──…外で待機していると言って、小姓は静かに豪奢な扉を閉めた。
一人きりになり、そこで漸く総統は大きな溜息を吐き出した。
とっくに気分の悪さはなくなっていたが、どうにも気持ちがまだ浮ついている。
なんとか落ち着けようと、彼は見慣れた自室を見渡した。
流石はミュステリオンを統べる男の部屋だ、そこかしこに贅沢品が並べられている。
いつもであればそれらに囲まれているうちに落ち着くのに、未だ胸の内はざわついていた。
理由は痛いほど分かっていた、分かっていたのだが、認めたくなかった。
何故自分が、無意味にそわそわしてしまうのか──

「私はそんなに落ち着かない存在なのかね」

その、闇を多分に含んだ声は何処から聞こえたか。
室内の何処を見渡しても、声の主は見つからなかった。
だが、総統は驚きはしなかった。
分かっているのだ、声の出所が何処であるのか。
猛禽類に似た瞳を、眼下に伸びる自分の影に落とした。

「自分の中にお前がいると思えば、誰でも落ち着かないだろう」
「ああ、失礼」

影はそれはそれは可笑しそうに言うと、総統の影からその姿を現した。
だが姿を現したところで、それもまた闇に近い色合いをしている。
目の前に、突然闇が広がったのかと勘違いするほどだ。
唯一はっきりしているのは、死者の色をした男の顔だ。
その顔には、薄ら笑いが貼り付けられており、至極機嫌が悪そうな総統に向けられた。
だが、そんなものは見えないかのように、実に恭しく儀式屋はお辞儀をした。

「ご機嫌如何かな、ハワードZ世」

やけに赤い唇が、そんなことを紡いだ。
そう呼ばれた総統は、ますます顔をしかめた。
そして、鋼鉄にも似た声音で、儀式屋へ返すべき言葉を口にした。

「私をその名で呼ぶな。私はミュステリオン総統クロードだ」
「そうかね?どちらも貴方に変わりないがね」
「ものを縛る名はいくつもある、だが中でも一番効果的に縛れるのは、そのものの魂に刻まれた名だと、お前が私に言ったのだろう」
「ふむ、貴方は私に縛られるのが余程気に食わないのだね」

特に気分を害したでもなく、あっさりそう言ってのけた。
そして、眼前の男から目を外すと、周囲を見渡した。
翡翠と純白の市松模様の絨毯の上を、黒い影が移動していく。
壁に飾られた悪魔を拷問にかける醜悪な絵画を眺めながら、儀式屋は口を開いた。

「まずは非礼を詫びよう、会議の途中だったようだね」
「ああ、そうだ。
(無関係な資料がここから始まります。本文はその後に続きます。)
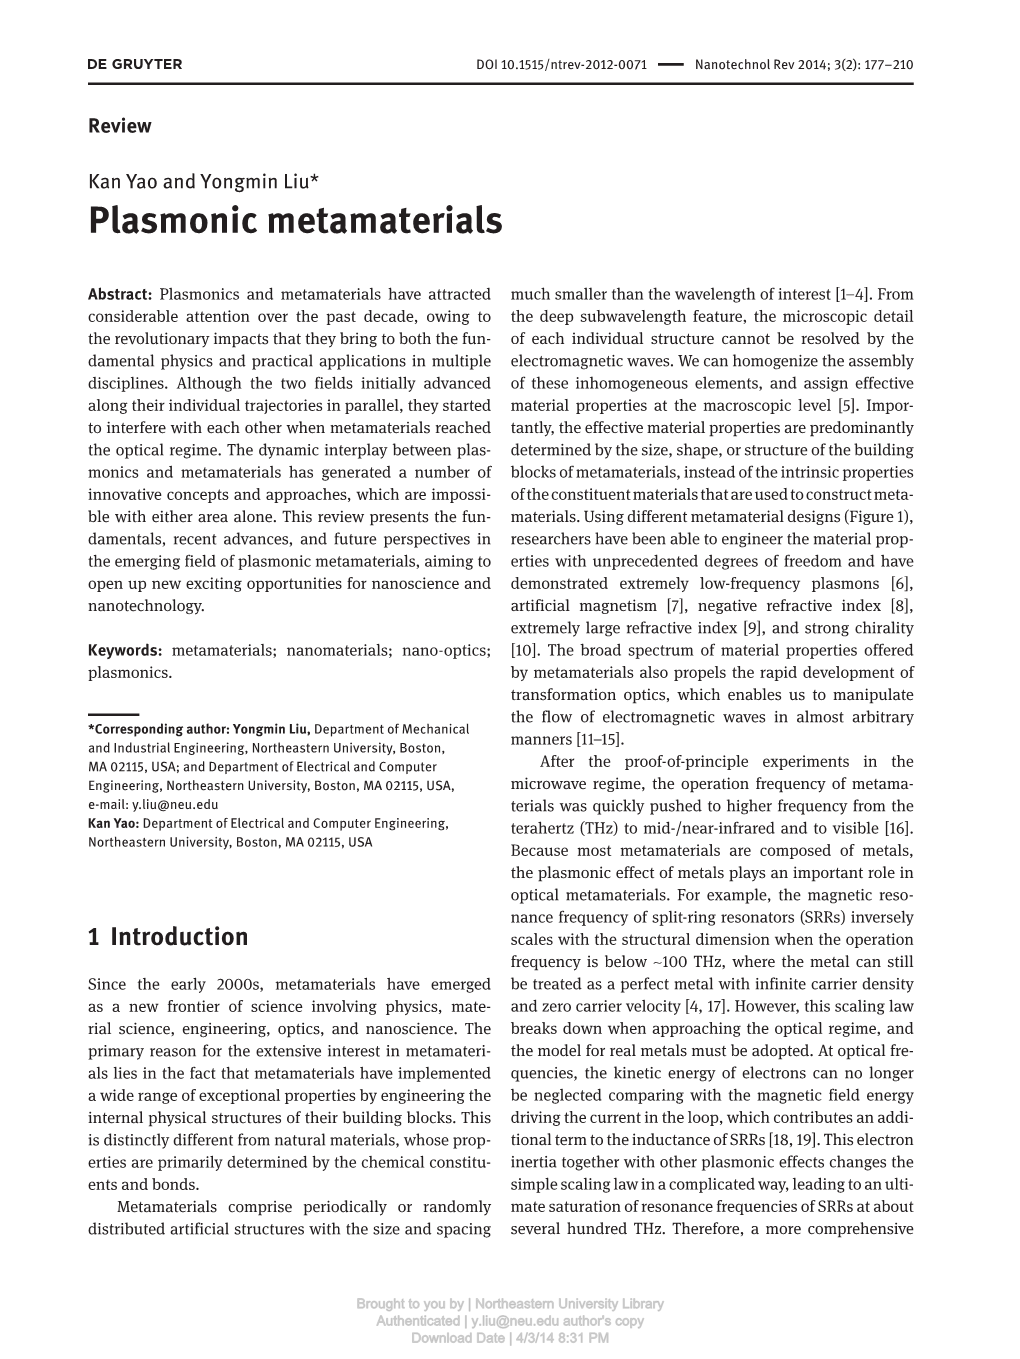 Plasmonic Metamaterials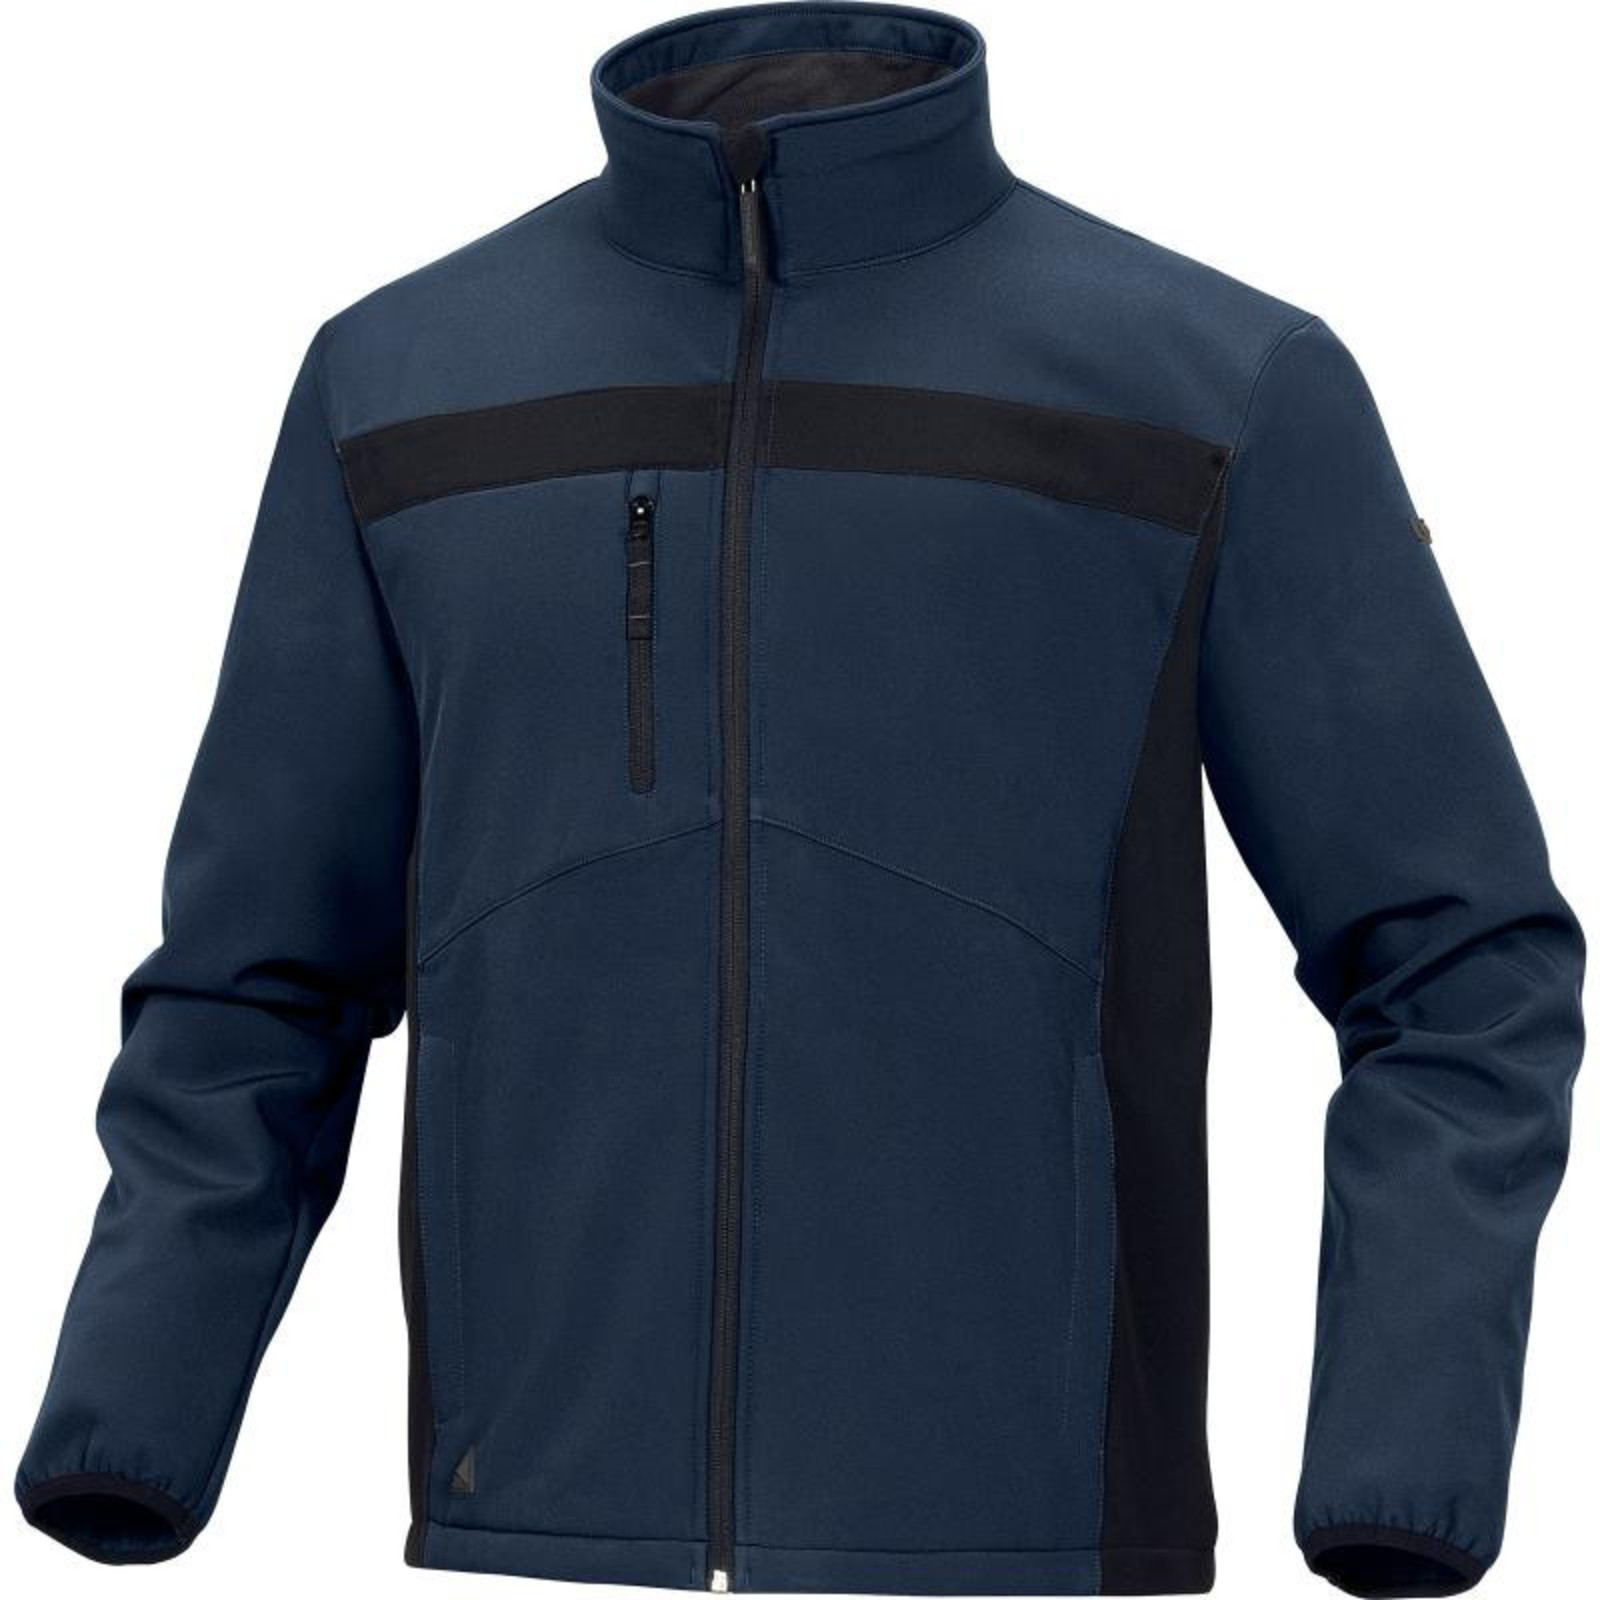 Softshellová bunda Delta Plus Lulea2 - veľkosť: XL, farba: námornícka modrá/čierna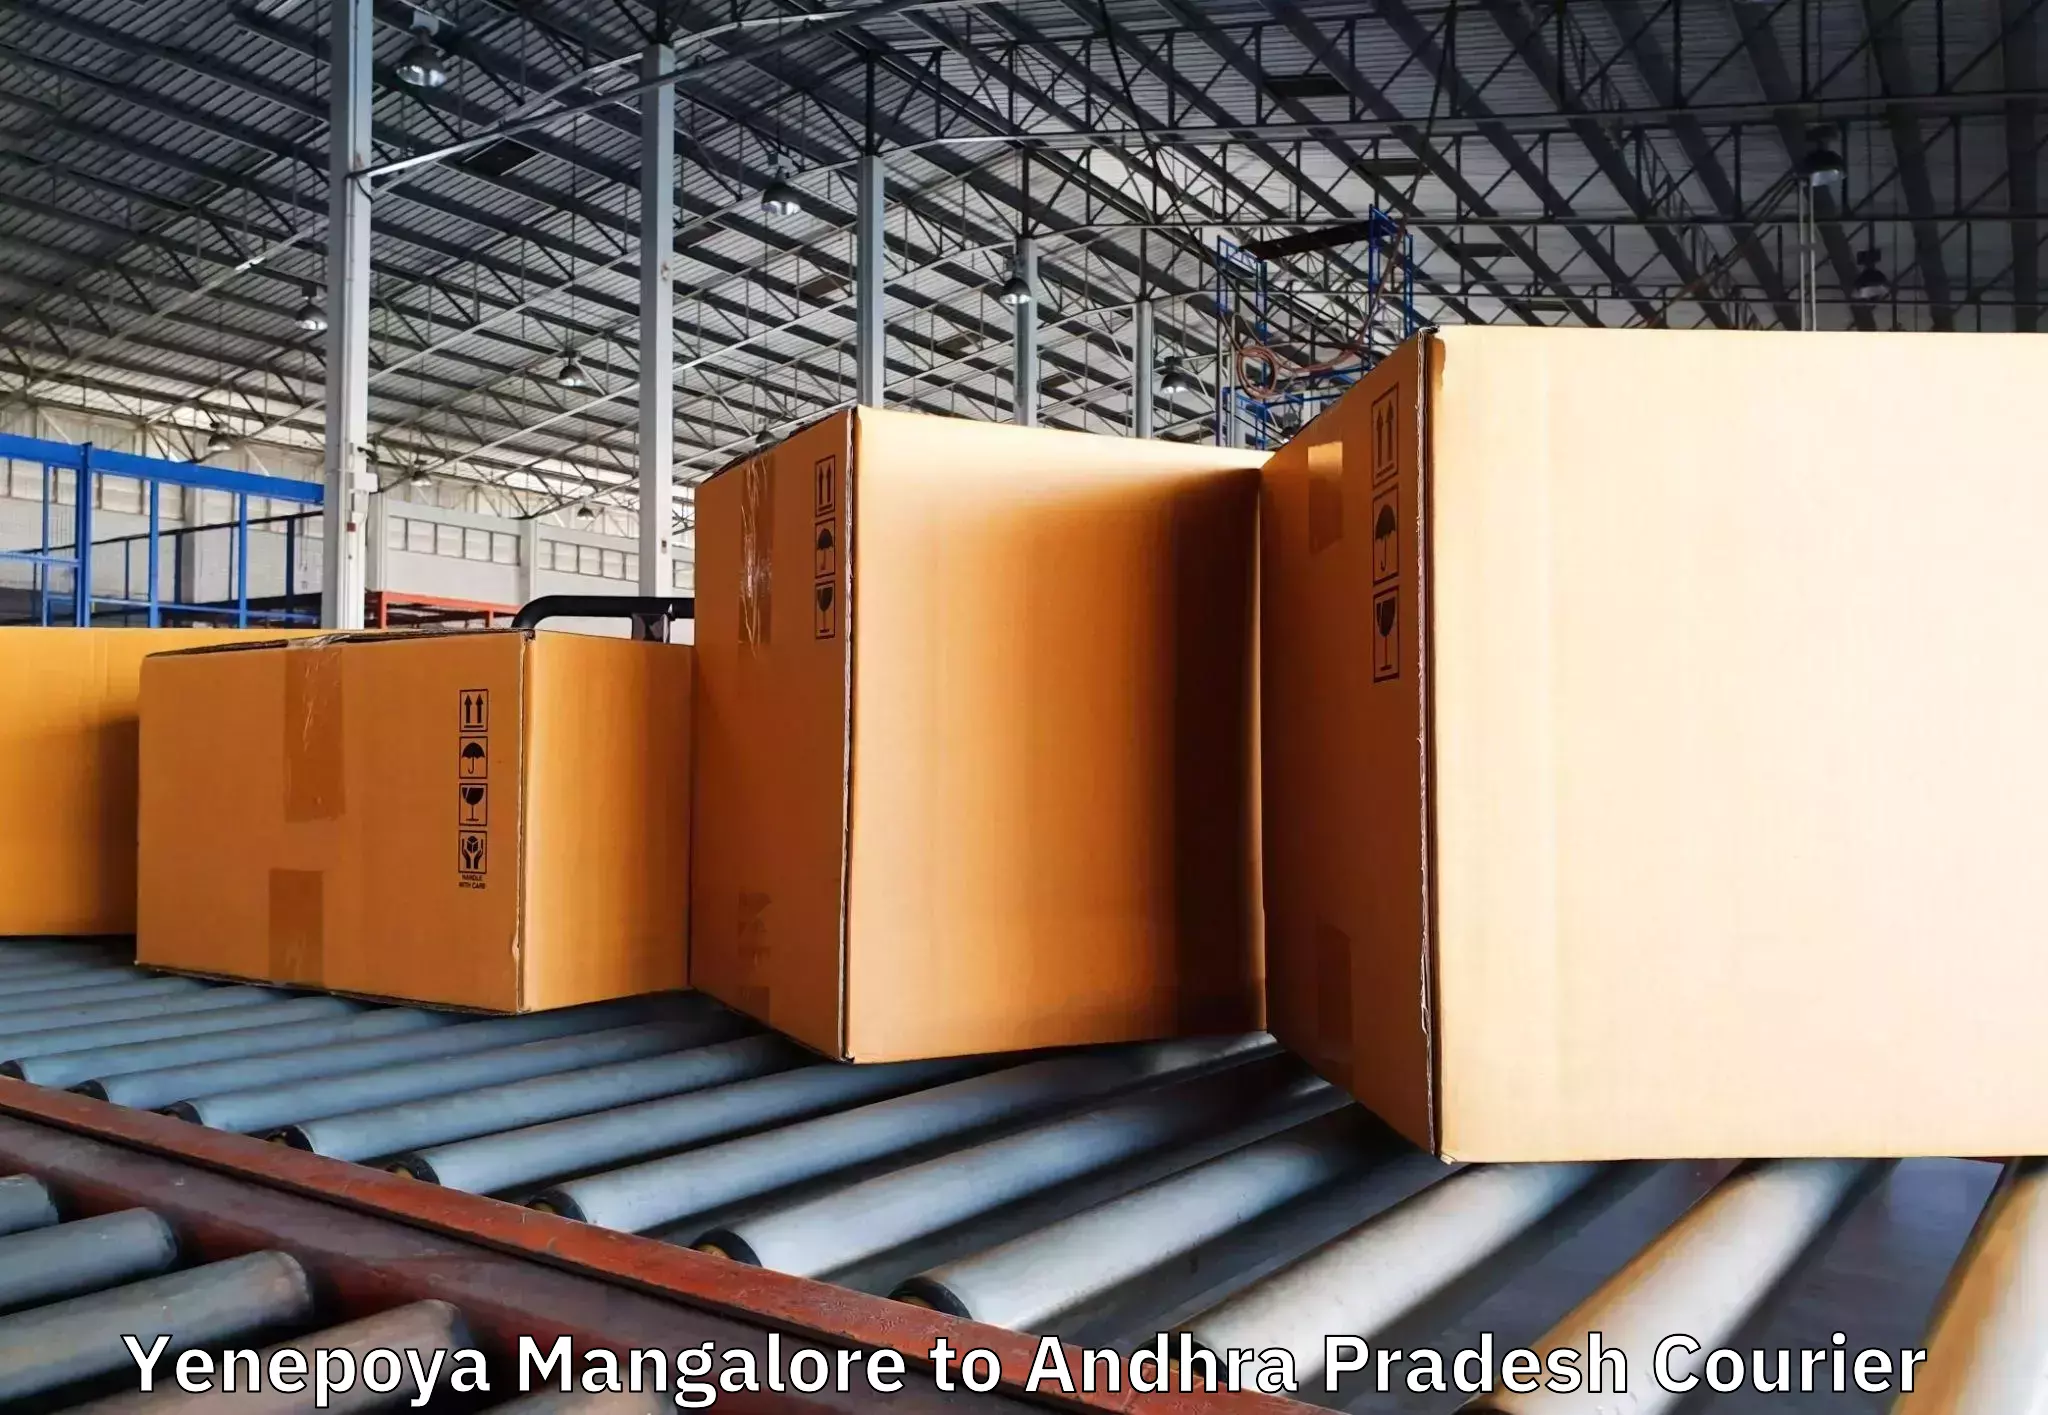 Home relocation experts Yenepoya Mangalore to Andhra Pradesh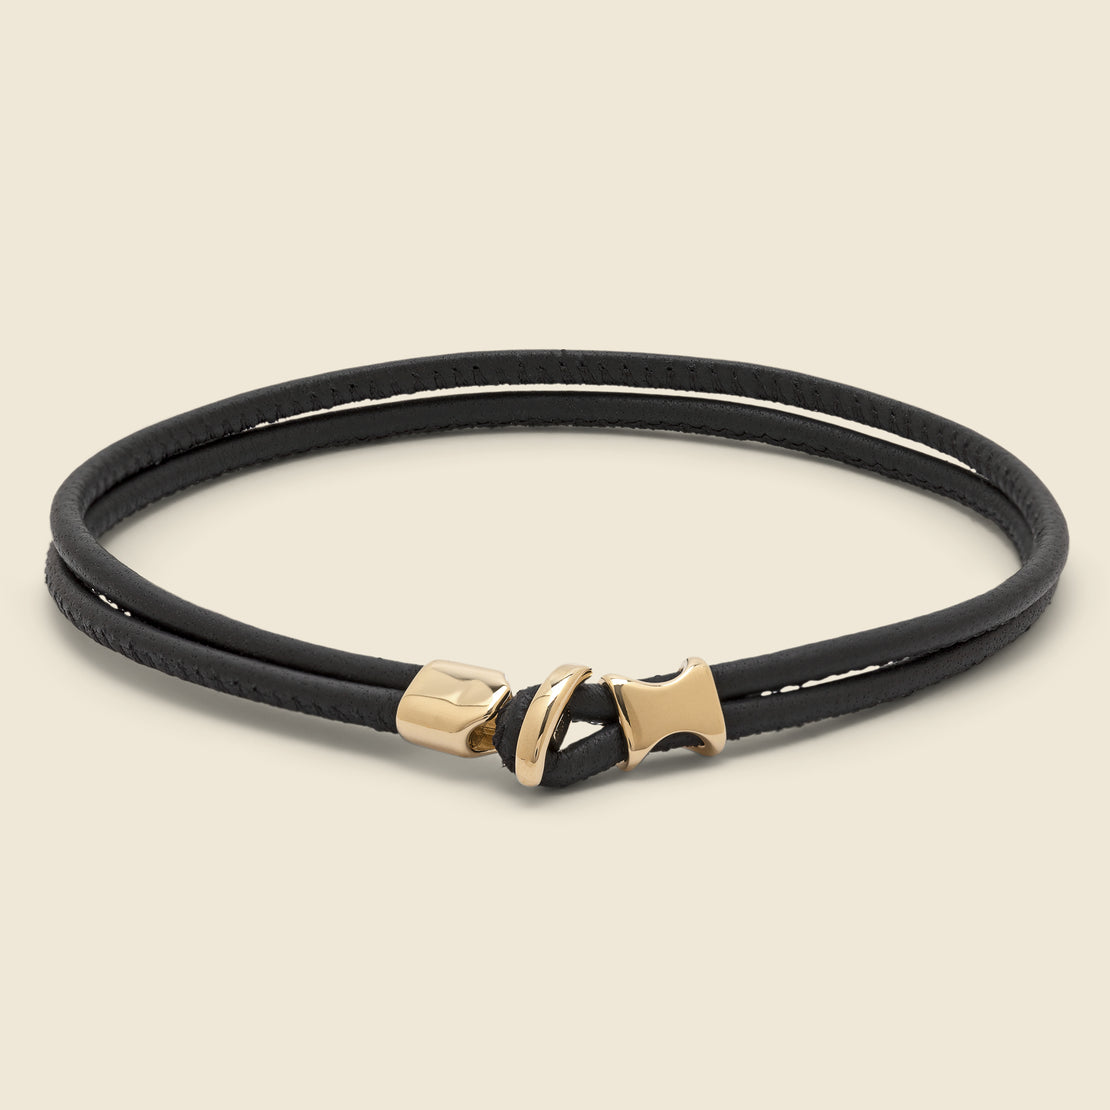 Miansai Orson Loop Leather Bracelet - Gold Vermeil/Black

そこまでして私を呼び出した理由を問いたい」
「理由?はて、貴方は察していると思ったがね、ハワード」
「その名で呼ぶなと言っている」

じわじわと、ハワードの怒りが沸き上がってきたのを感じたのか、儀式屋は喉の奥でくつくつ笑った。
すまないねクロード、と言って儀式屋は続けた。

「単刀直入に言おう……手記のことで、少しね」
「……アンソニーの館に送られたもののか」
「ああ。此処へ来る途中、寄り道して“読んできた”のだがね……あれは、あってはいけないものだ」
「というと?」
「守りの詩が書かれ、あまつさえ解読されている」
「!?」

初めて、ハワードの両眼が驚愕に見開かれた。
予想だにしていなかったのだろう、息をするのも忘れたかのように、固まっている。
儀式屋は何もかも見透かしたような瞳でハワードを見据える。

「エドだったかね、彼が手記を狙ったのはそういう理由から、なのだろうね」
「ならば、早急に回収をせねばならん」
「アンソニーが手放すと思うのかね?むしろ、彼が預かっている方が安全だ、彼ほど物に固執する男はいないからね」

それにだね、と間髪おかず儀式屋は続ける。

「内部に置く方が危険だ」
「……エドのようなやつが、他にもいると?」
「可能性はなきにしもあらず」
「馬鹿な、有り得ない!」

ハワードは鋭い一声を放った。
鷹の目で闇色の男を、射抜くかと思うほどの視線を向ける。
だが、それにも儀式屋はうっすらと笑ってみせるだけだった。
まるで、違うと駄々をこねる子供を、面白おかしくからかうかのような顔だ。

「ハワード、貴方の鷹の目は何が見えるのかね」

皮肉を満遍なくまぶしたような言葉と笑みは、憤怒に顔を歪めた男に向けられた。